DATASET RECORDS →

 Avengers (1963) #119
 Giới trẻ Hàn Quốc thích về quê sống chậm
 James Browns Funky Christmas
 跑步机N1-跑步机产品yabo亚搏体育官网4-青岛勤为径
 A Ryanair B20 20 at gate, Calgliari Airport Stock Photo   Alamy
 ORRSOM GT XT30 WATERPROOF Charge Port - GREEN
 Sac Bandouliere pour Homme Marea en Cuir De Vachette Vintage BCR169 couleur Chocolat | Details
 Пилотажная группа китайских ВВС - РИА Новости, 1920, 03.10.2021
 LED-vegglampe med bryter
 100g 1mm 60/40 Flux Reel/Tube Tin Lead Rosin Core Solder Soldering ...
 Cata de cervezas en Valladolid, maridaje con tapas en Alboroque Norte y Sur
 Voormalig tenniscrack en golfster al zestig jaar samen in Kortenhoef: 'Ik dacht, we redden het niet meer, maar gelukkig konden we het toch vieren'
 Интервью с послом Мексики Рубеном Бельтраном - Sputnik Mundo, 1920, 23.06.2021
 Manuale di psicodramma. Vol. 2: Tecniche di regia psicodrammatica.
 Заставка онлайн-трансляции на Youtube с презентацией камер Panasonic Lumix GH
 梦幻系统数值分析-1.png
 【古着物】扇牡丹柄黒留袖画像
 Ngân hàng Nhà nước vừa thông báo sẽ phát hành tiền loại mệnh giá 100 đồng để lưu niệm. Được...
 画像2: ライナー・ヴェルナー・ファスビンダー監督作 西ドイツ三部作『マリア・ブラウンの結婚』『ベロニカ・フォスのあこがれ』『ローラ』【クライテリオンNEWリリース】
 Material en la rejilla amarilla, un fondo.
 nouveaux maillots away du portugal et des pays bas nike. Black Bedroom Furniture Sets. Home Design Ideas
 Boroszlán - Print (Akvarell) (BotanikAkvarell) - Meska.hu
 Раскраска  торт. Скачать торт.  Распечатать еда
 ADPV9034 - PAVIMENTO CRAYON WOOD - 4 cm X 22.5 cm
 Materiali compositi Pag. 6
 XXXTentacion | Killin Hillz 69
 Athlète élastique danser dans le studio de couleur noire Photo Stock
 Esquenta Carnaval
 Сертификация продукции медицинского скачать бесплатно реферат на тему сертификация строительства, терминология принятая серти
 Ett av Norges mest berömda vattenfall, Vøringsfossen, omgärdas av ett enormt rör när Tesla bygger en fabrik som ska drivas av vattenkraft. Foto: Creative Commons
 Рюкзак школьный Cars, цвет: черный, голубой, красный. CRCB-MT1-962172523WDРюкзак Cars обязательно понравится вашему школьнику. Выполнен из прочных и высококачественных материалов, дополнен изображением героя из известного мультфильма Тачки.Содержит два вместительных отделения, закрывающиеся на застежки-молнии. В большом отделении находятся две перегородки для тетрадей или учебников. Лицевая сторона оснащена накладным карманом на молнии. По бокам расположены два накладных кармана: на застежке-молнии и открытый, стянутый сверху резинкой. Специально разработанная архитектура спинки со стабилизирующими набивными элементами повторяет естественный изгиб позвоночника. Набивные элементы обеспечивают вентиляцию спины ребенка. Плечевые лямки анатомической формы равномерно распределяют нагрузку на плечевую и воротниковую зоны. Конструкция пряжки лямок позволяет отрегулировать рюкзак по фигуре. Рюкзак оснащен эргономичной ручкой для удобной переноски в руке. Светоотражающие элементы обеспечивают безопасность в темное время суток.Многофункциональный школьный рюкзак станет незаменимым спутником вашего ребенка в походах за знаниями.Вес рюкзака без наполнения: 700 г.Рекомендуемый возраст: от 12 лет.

WHAT THIS TASK INVOLVES → Without changing a word, restate the whole listing.

RESPONSE TO THIS TASK →
 Avengers (1963) #119
 Giới trẻ Hàn Quốc thích về quê sống chậm
 James Browns Funky Christmas
 跑步机N1-跑步机产品yabo亚搏体育官网4-青岛勤为径
 A Ryanair B20 20 at gate, Calgliari Airport Stock Photo   Alamy
 ORRSOM GT XT30 WATERPROOF Charge Port - GREEN
 Sac Bandouliere pour Homme Marea en Cuir De Vachette Vintage BCR169 couleur Chocolat | Details
 Пилотажная группа китайских ВВС - РИА Новости, 1920, 03.10.2021
 LED-vegglampe med bryter
 100g 1mm 60/40 Flux Reel/Tube Tin Lead Rosin Core Solder Soldering ...
 Cata de cervezas en Valladolid, maridaje con tapas en Alboroque Norte y Sur
 Voormalig tenniscrack en golfster al zestig jaar samen in Kortenhoef: 'Ik dacht, we redden het niet meer, maar gelukkig konden we het toch vieren'
 Интервью с послом Мексики Рубеном Бельтраном - Sputnik Mundo, 1920, 23.06.2021
 Manuale di psicodramma. Vol. 2: Tecniche di regia psicodrammatica.
 Заставка онлайн-трансляции на Youtube с презентацией камер Panasonic Lumix GH
 梦幻系统数值分析-1.png
 【古着物】扇牡丹柄黒留袖画像
 Ngân hàng Nhà nước vừa thông báo sẽ phát hành tiền loại mệnh giá 100 đồng để lưu niệm. Được...
 画像2: ライナー・ヴェルナー・ファスビンダー監督作 西ドイツ三部作『マリア・ブラウンの結婚』『ベロニカ・フォスのあこがれ』『ローラ』【クライテリオンNEWリリース】
 Material en la rejilla amarilla, un fondo.
 nouveaux maillots away du portugal et des pays bas nike. Black Bedroom Furniture Sets. Home Design Ideas
 Boroszlán - Print (Akvarell) (BotanikAkvarell) - Meska.hu
 Раскраска  торт. Скачать торт.  Распечатать еда
 ADPV9034 - PAVIMENTO CRAYON WOOD - 4 cm X 22.5 cm
 Materiali compositi Pag. 6
 XXXTentacion | Killin Hillz 69
 Athlète élastique danser dans le studio de couleur noire Photo Stock
 Esquenta Carnaval
 Сертификация продукции медицинского скачать бесплатно реферат на тему сертификация строительства, терминология принятая серти
 Ett av Norges mest berömda vattenfall, Vøringsfossen, omgärdas av ett enormt rör när Tesla bygger en fabrik som ska drivas av vattenkraft. Foto: Creative Commons
 Рюкзак школьный Cars, цвет: черный, голубой, красный. CRCB-MT1-962172523WDРюкзак Cars обязательно понравится вашему школьнику. Выполнен из прочных и высококачественных материалов, дополнен изображением героя из известного мультфильма Тачки.Содержит два вместительных отделения, закрывающиеся на застежки-молнии. В большом отделении находятся две перегородки для тетрадей или учебников. Лицевая сторона оснащена накладным карманом на молнии. По бокам расположены два накладных кармана: на застежке-молнии и открытый, стянутый сверху резинкой. Специально разработанная архитектура спинки со стабилизирующими набивными элементами повторяет естественный изгиб позвоночника. Набивные элементы обеспечивают вентиляцию спины ребенка. Плечевые лямки анатомической формы равномерно распределяют нагрузку на плечевую и воротниковую зоны. Конструкция пряжки лямок позволяет отрегулировать рюкзак по фигуре. Рюкзак оснащен эргономичной ручкой для удобной переноски в руке. Светоотражающие элементы обеспечивают безопасность в темное время суток.Многофункциональный школьный рюкзак станет незаменимым спутником вашего ребенка в походах за знаниями.Вес рюкзака без наполнения: 700 г.Рекомендуемый возраст: от 12 лет.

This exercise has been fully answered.